Com essa diretoria a arena sem terminar mesmo já ta virando um filhote de elefante branco abandonado. sem time pra que estadio. segundo pajé os socios estão caindo numa proporção gigante. malucelli e bolicenho vão acabar com o atletico.

ditado popular

ninguem cuida melhor de um bem do que o proprio "dono"

chamem o "dono"

Aparecido jose disse...

Talvez Atletico, São Paulo e Inter não precisam de estadio com essa dimensão exigida pela Fifa, mas dizer que poderá ser um elefante branco acho meio exagerado, são clubes grandes e que vão fazer essas praças esportivas obterem lucros. Agora porque a pesquisa só citou os estadios privados? Porque não falou dos outros. Tem muitos estadios que após a copa será sim elefante branco. Só um exemplo Cuiabá: Oque farão com o estadio apos a copa? Não tem futebol. Os clubes de Cuiabá mandam seus jogos no Dutrinha um estadio de 10.000 lugares, dificilmente mandam jogos no Verdão. Sei que a vinda da copa pra MT gera crescimento pra cidade, agora quanto a construção de um estadio dessa magnitude ai sim será um dos elefantes brancos.

Anônimo disse...

Pajé? Santa isenção Batman!!!
Valha me deus...
Enéas

Anônimo disse...

ESSE PAJÉ É UM JACÚ.

Julio disse...

Nossa. O anônimo, sempre eles, citou o tal Pajé, caramba, não imaginei que alguem lesse aquele imbecil. Bom, o cara é pago pelo tal "Dono" citado pelo cara, talvez esteja ai a ligação.

Anônimo disse...

A verdade é uma só: sem dinheiro público não haveria Copa no Brasil. A iniciativa privada gosta é de moleza: vão esperar que todos os estádios sejam construídos com dinheiro público pra virem com a conversinha mole de concessão. Assim até eu!
E o caso do Furacão? Não tem no Paraná um empresário macho que assuma um investimento de risco. Tem que vir patrocínio da Copel!

Mike disse...

É uma bosta. As empresas não investem porque não vêem previsão de lucro. Com esses juros altos, burocracia absurda e taxas de importação maiores do mundo, como as empresas vão querer investir no Brasil?
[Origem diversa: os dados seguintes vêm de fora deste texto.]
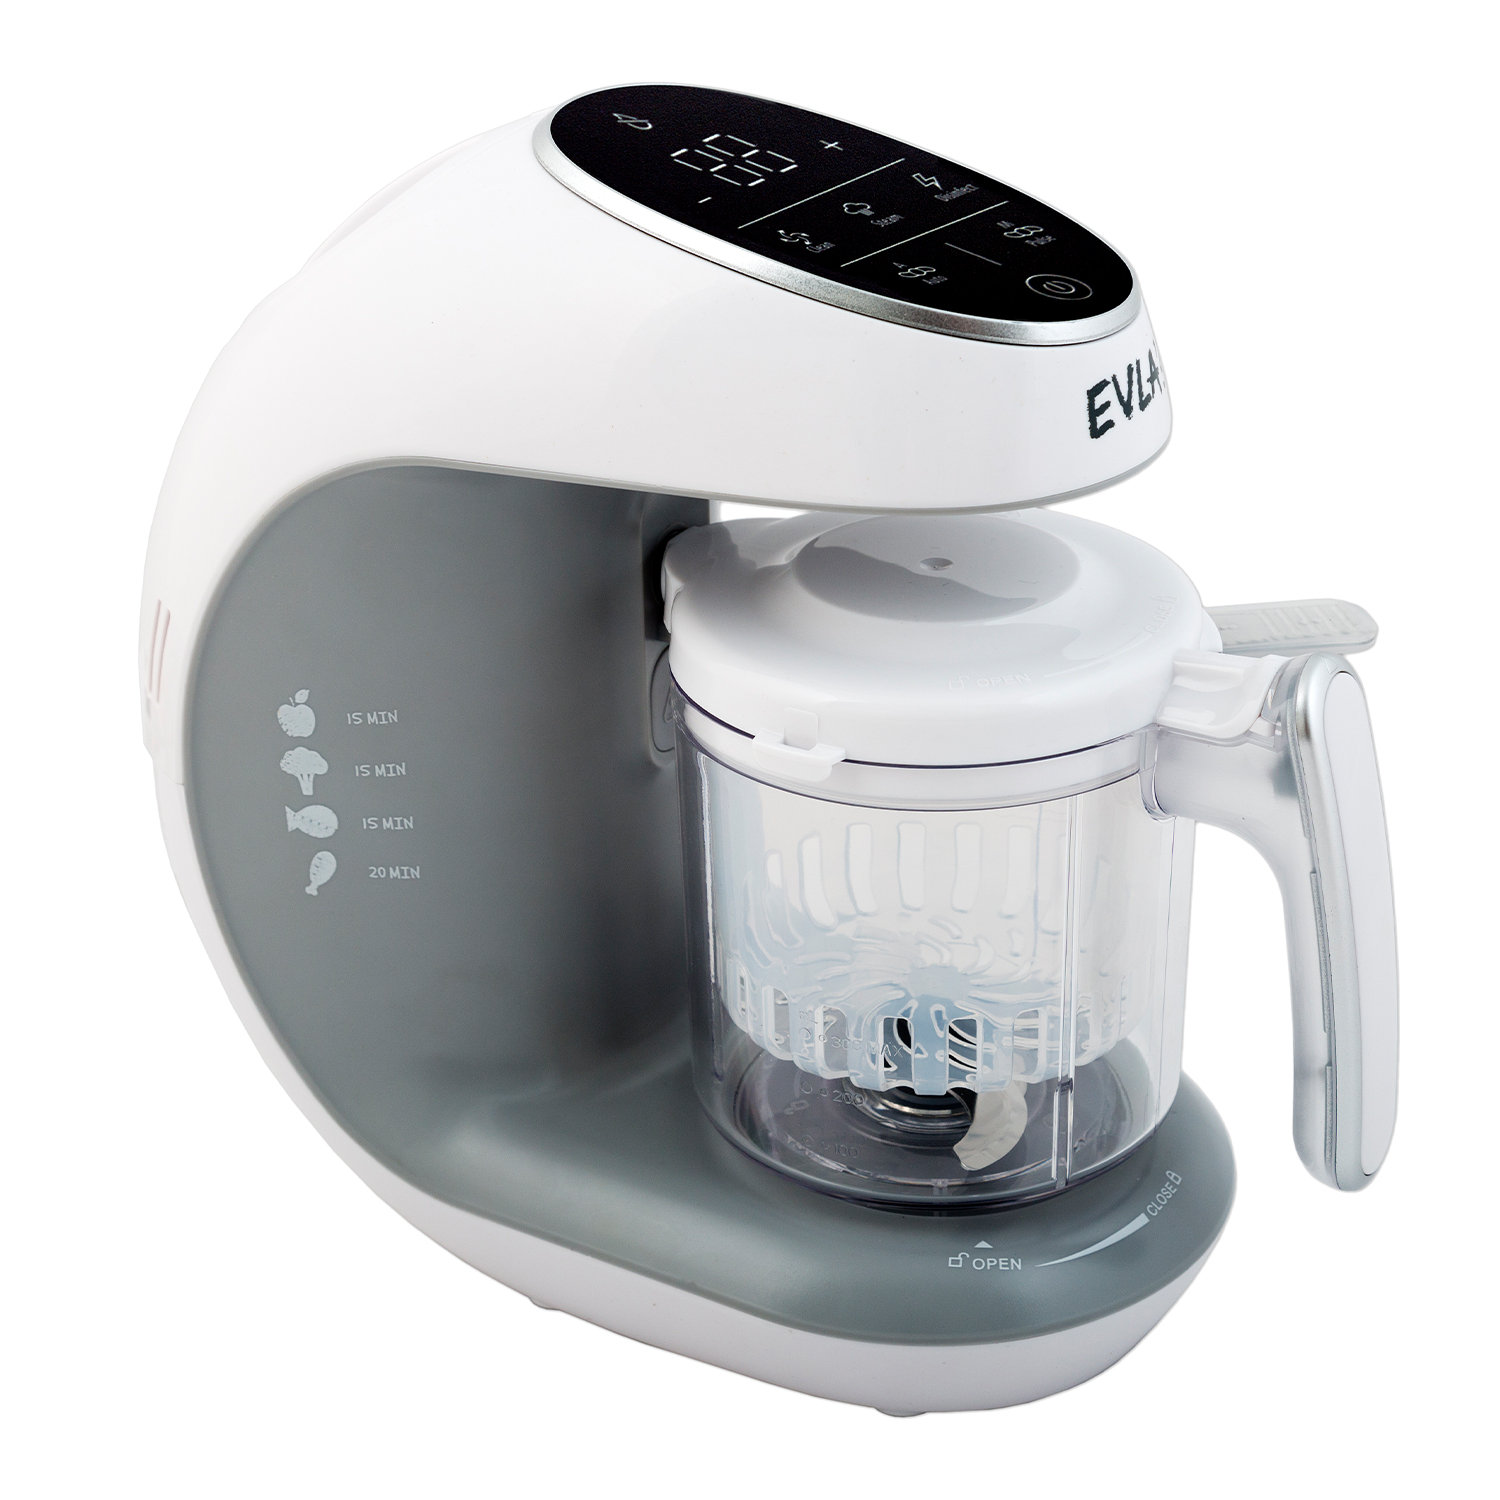 Nutribullet Baby, Baby Care System, Multi-Function High Speed
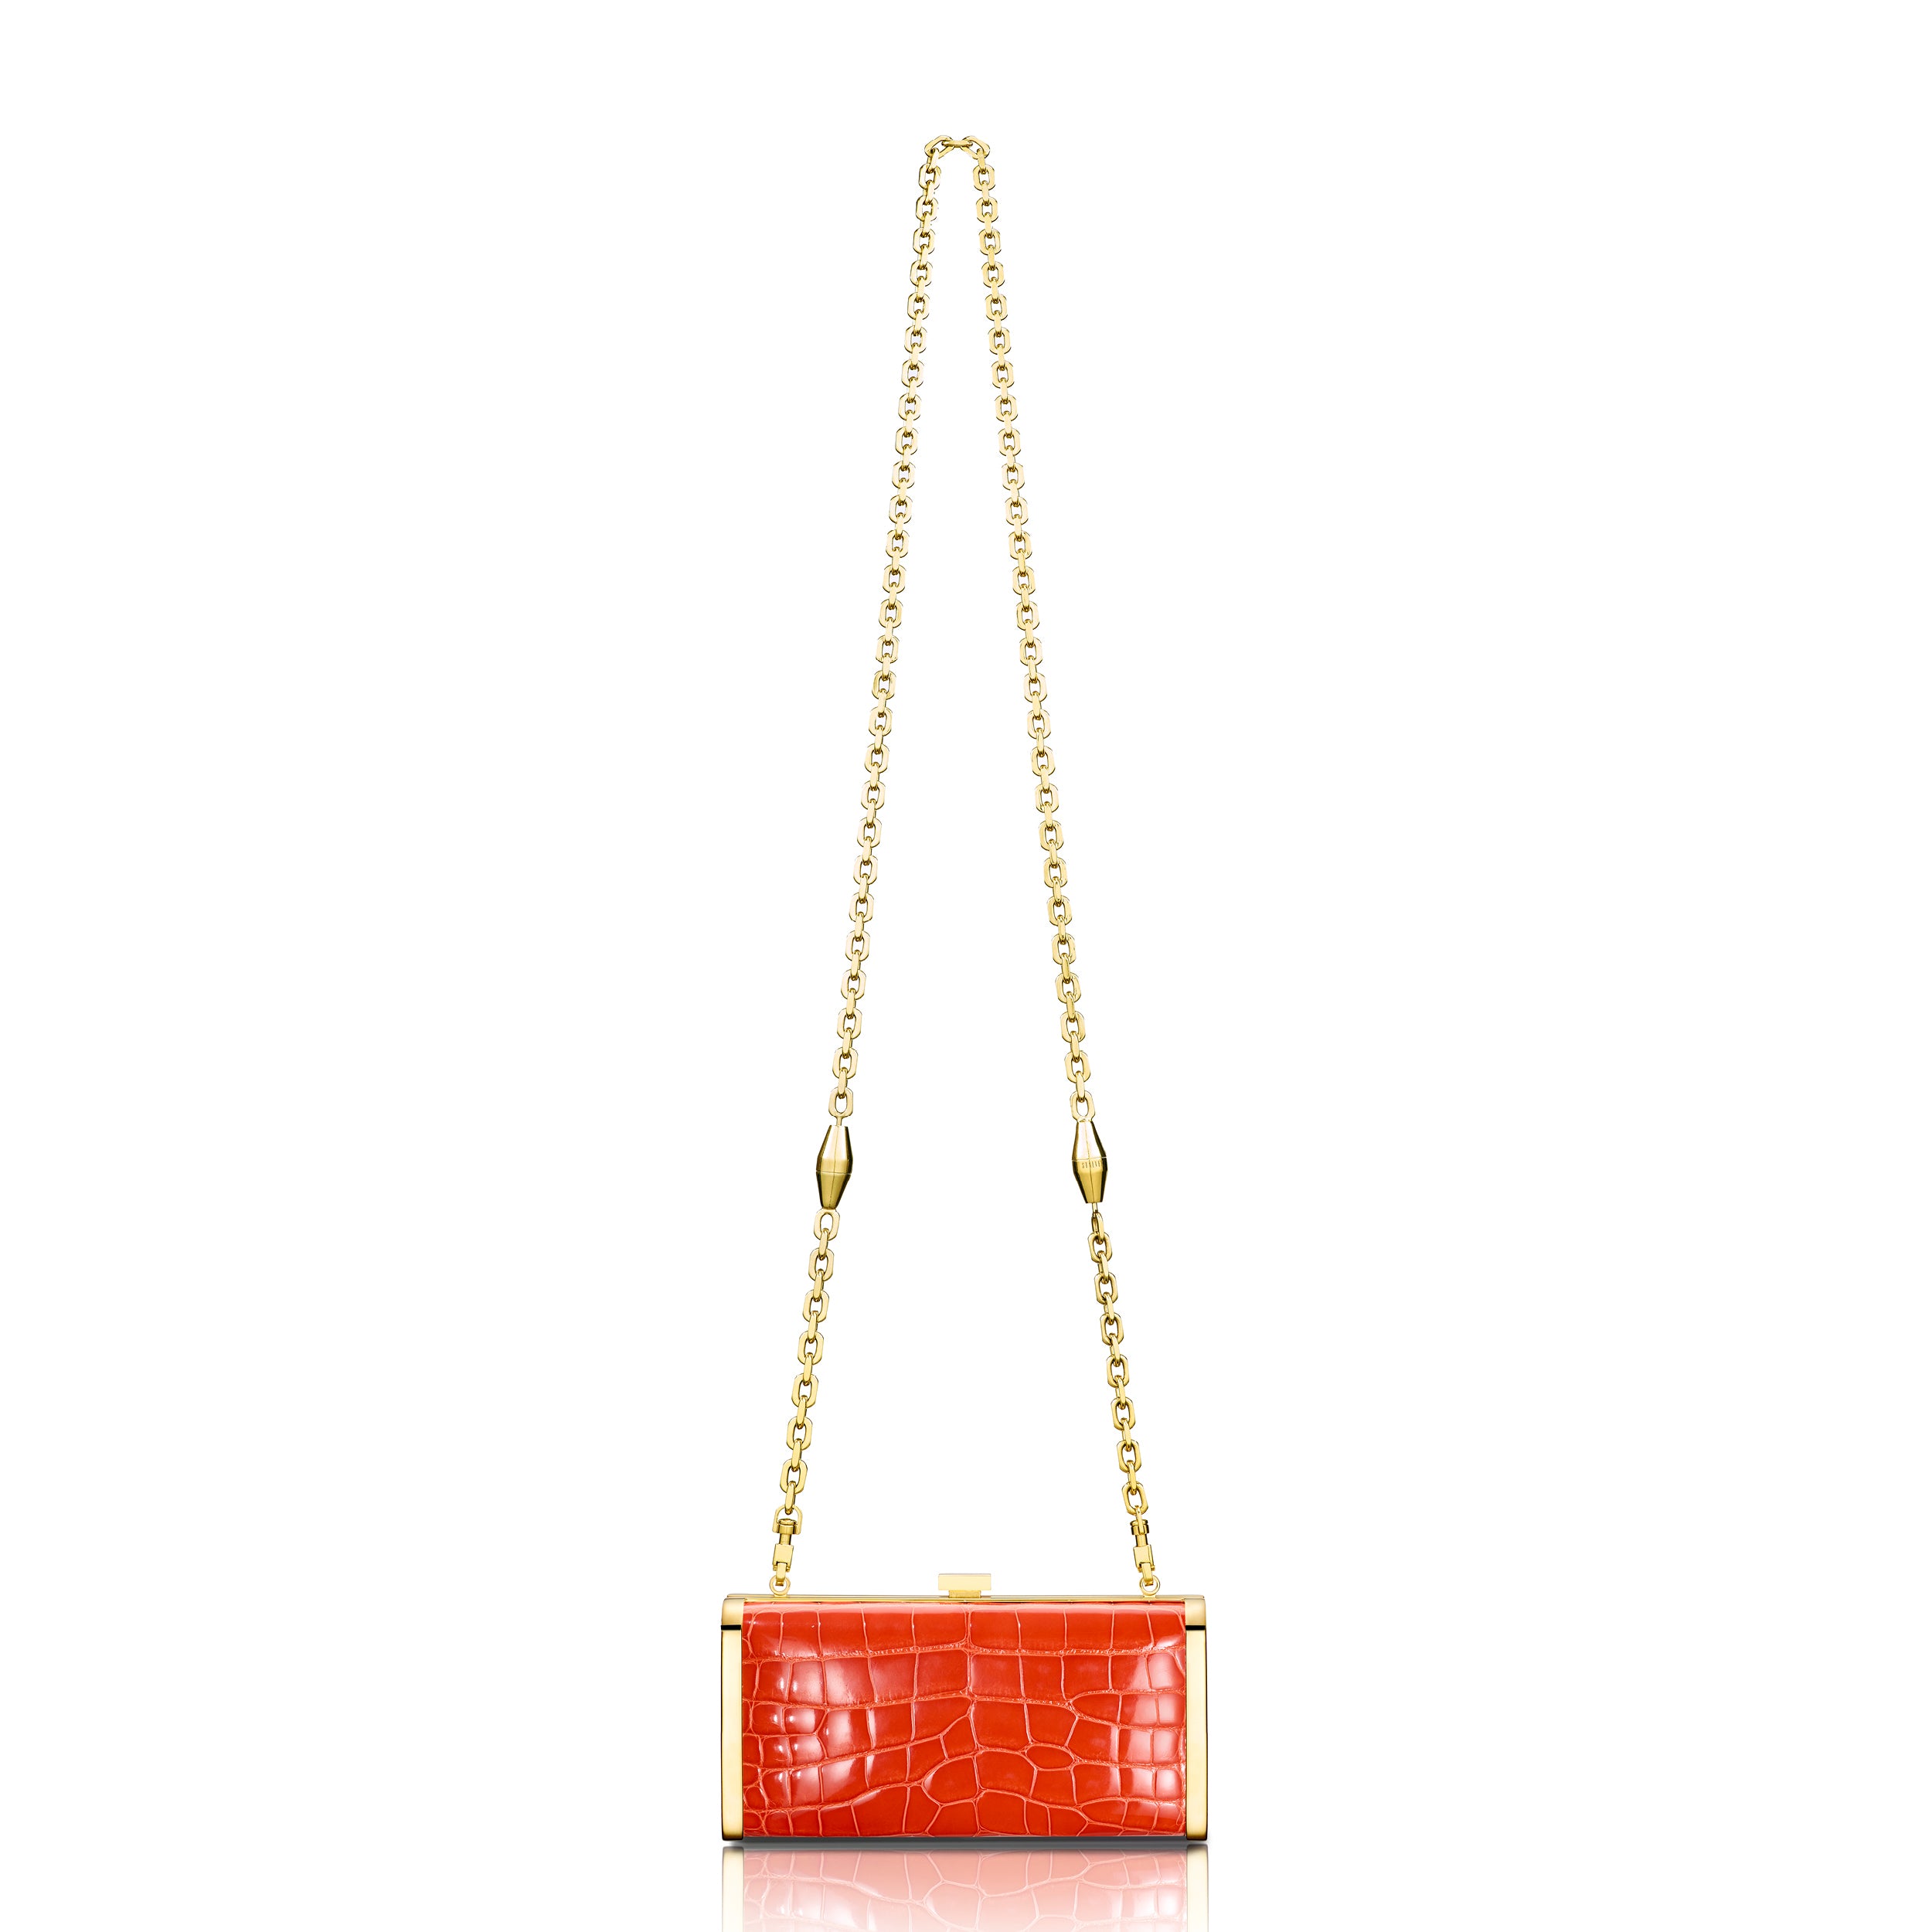 STALVEY Square Clutch in Orange Alligator with 24kt Gold Hardware Back View with Chain

É uma vergonha, os estádios que são privados e não precisam sangrar os cofres do Estado são os que tem maior dificuldade. Absurdo.

Andre disse...

Engraçado os bancos não investirem em porra nenhuma né? Na seleção o Itáu investe, mas no restante, nenhum banco investe um centavo em nada. A cada ano que passa batem recordes de lucro e nada de fazer porcaria nenhuma nesse país. Mto pelo contrário...cada vez mais criam taxas e nos fazem de palhaços cobrando preços por serviços que não deveriam ser cobrados.

Isso sem contar essas merdas de empresas do nosso estado, que não servem pra nada...só pra colocar na propaganda "orgulho de ser paranaense" e mais nada. BANDO DE HIPÓCRITAS!

Anônimo disse...

Nada ANdré, o BANRISUL sempre investe nos times gaúchos... Mas aqui no retrógrado Paraná isso é investir dinheiro público em patrimônio privado...
Pergunto: quem é o dono do CAP? O Pet pensava que era ele, mas não era e não é. É o POVO, então melhorar a condição do POVO é investir em patrimônio privado?
Titio Enéas

Andre disse...

O Banrisul só investe na dupla grenal também porque eles tem nome forte no futebol. Juventude, por exemplo, está minguando mesmo o clube sendo um grande de lá. E ainda estou falando de iniciativa privada, não pública.